Tracing Meets Twombly: Ninth Circuit Sets Section 11 Pleading Standards For Aftermarket Purchasers

In a precedent setting decision, the Ninth Circuit affirmed dismissal of a putative class action in In re Century Aluminum Co. Securities Litigation, significantly raising the pleading bar in Section 11 cases. Plaintiffs alleged that Century Aluminum and its underwriters, Credit Suisse and Morgan Stanley, issued false and misleading statements in connection with a secondary offering. The Ninth Circuit applied the Twombly/Iqbal “plausibility” standard, holding that those decisions no longer make it possible for plaintiffs to simply allege without plausible supporting facts that their shares can be “traced” back to a secondary offering. The court’s decision in Century Aluminum may mean that Ninth Circuit plaintiffs filing suit under Section 11 who rely on aftermarket purchases, and cannot otherwise plead plausible facts they purchased in the secondary offering itself, face a near impossible uphill battle at the pleading stage when alleging tracing.

Section 11 provides a remedy to shareholders who purchase securities under “a materially false or misleading registration statement.” When shares are issued under only one such registration statement, this tracing requirement is not a problem. However, when shares are issued under multiple registration statements, tracing back to the allegedly misleading registration statement can be extremely difficult. The court acknowledged that tracing to a secondary offering is “often impossible,” but noted that the tracing requirement “is the condition Congress has imposed for granting access to the ‘relaxed liability requirements’ that Section 11 affords.”

Century Aluminum issued 49 million shares in an Initial Public Offering that were already trading when plaintiffs purchased their shares. In a prospectus supplement on January 28, 2009, an additional 25 million shares entered the market. Plaintiffs alleged they had standing to pursue a Section 11 claim because they “purchased Century Aluminum Common Stock directly traceable to the Company’s Secondary Offering.” In support of their tracing theory, plaintiffs argued that their shares were purchased on dates that showed sharp spikes in trading activity, indicating the flood of new shares as a result of the allegedly misleading prospectus supplement.

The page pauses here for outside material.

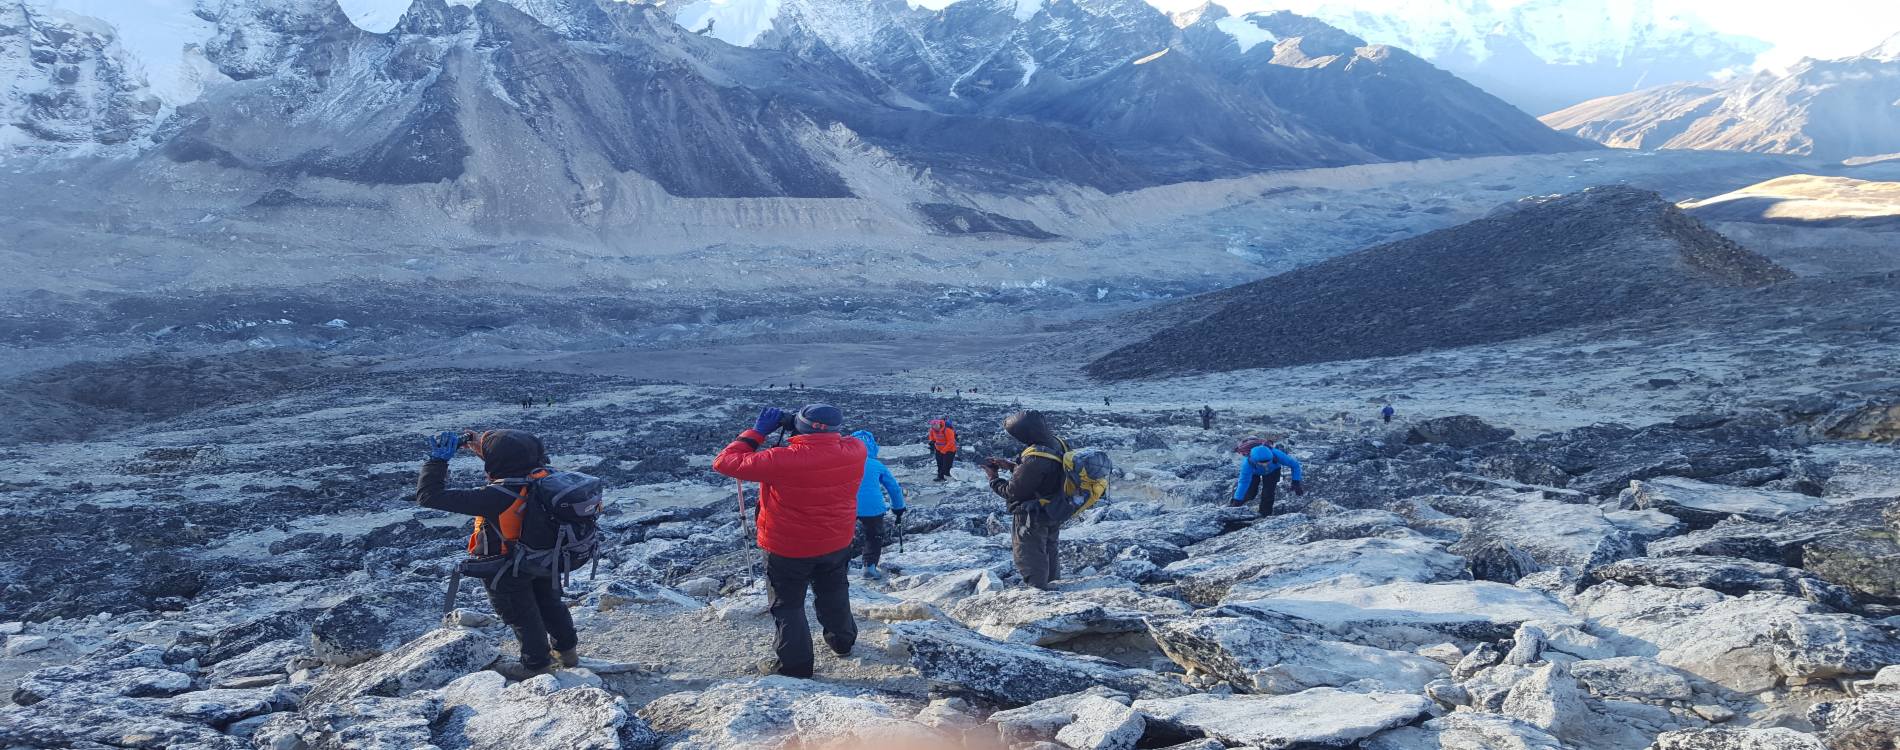 Solo treks banned in nepal
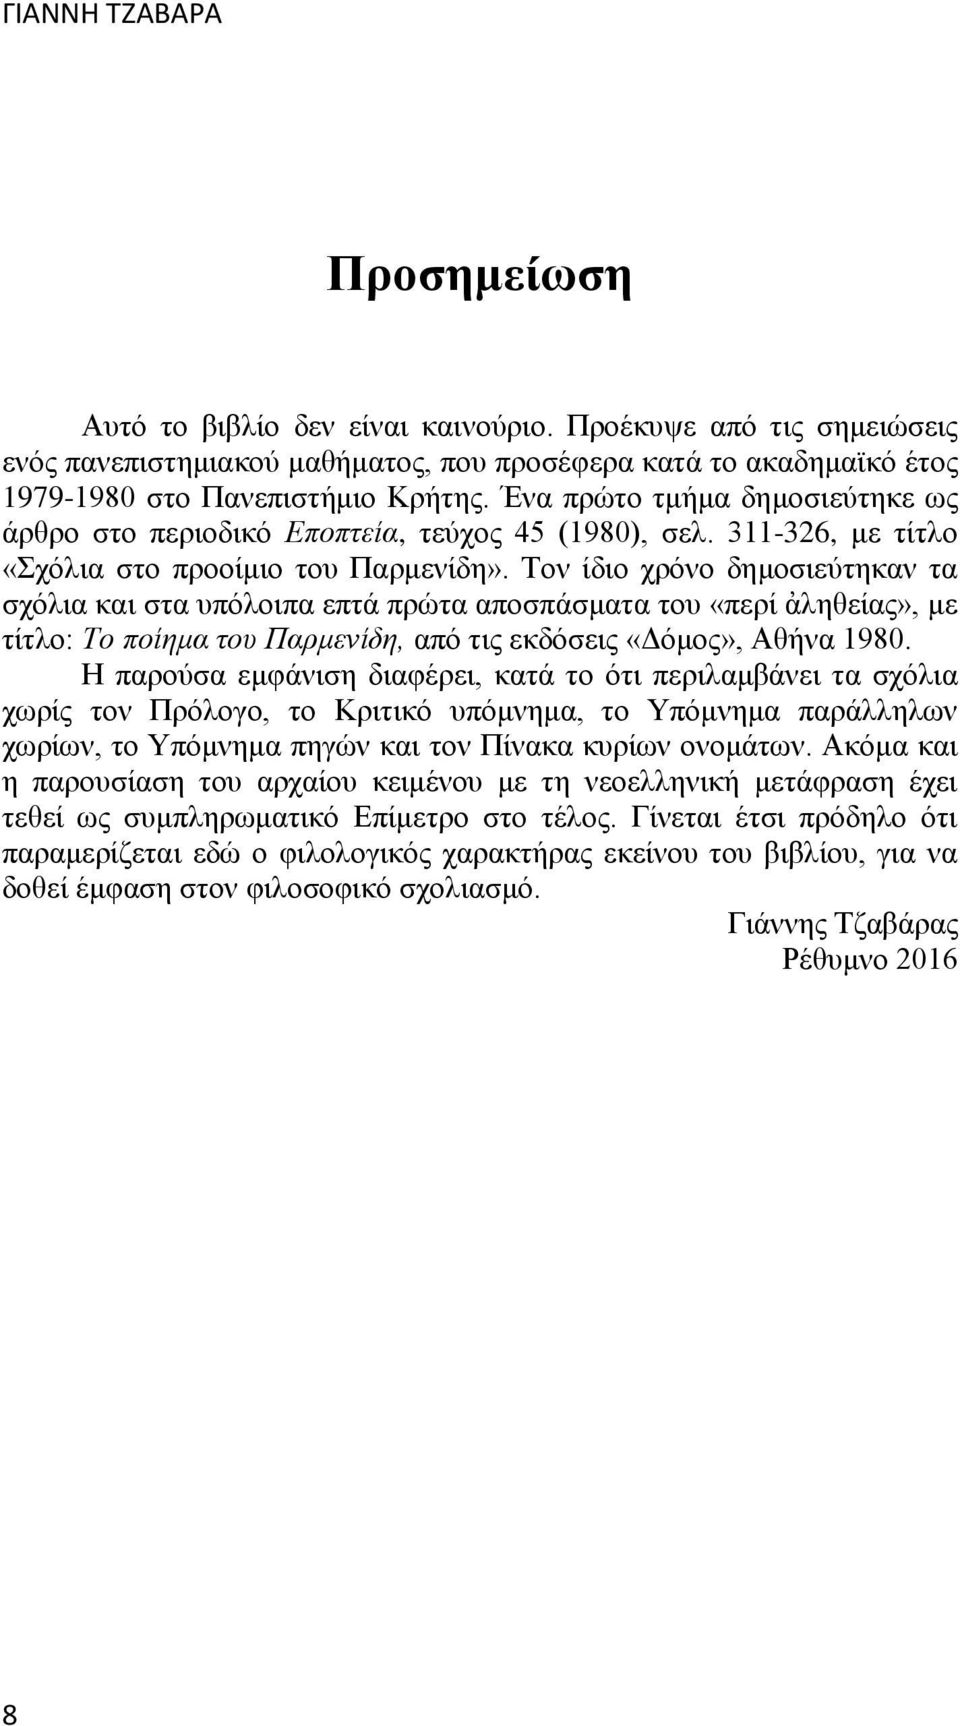 Τον ίδιο χρόνο δημοσιεύτηκαν τα σχόλια και στα υπόλοιπα επτά πρώτα αποσπάσματα του «περί ἀληθείας», με τίτλο: Το ποίημα του Παρμενίδη, από τις εκδόσεις «Δόμος», Αθήνα 1980.

The court found that after Twombly and Iqbal, in addition to providing fair notice, allegations must suggest that the claim “at least has a plausible chance of success.” In holding that such bare-bones allegations fail, the court relied on “experience and common sense,” which ordinarily “tell[s] us that when a company has offered shares under more than one registration statement, aftermarket purchasers will not be able to trace their shares back to a particular offering.” Because of this, the court determined that “plaintiffs had to allege facts from which we can reasonably infer that their situation is different.” It is no longer sufficient for plaintiffs to allege facts that are merely consistent with the shares being traceable to the registration statement in question. Rather plaintiffs must now plead facts that “tend to exclude the possibility that [plaintiff’s] shares come from the pool of previously issued shares.” The court found that it was equally likely that the shares came from the pool of previously issued shares. Even where one plaintiff argued that he had directed his broker to buy from the pool of newly issued shares, the court found that it was equally likely the broker had purchased shares that were already held from the original offering.

Defendants in Section 11 cases in the Ninth Circuit will now have a powerful new weapon that will enable most cases alleging only aftermarket purchases to be dismissed at the pleading stage.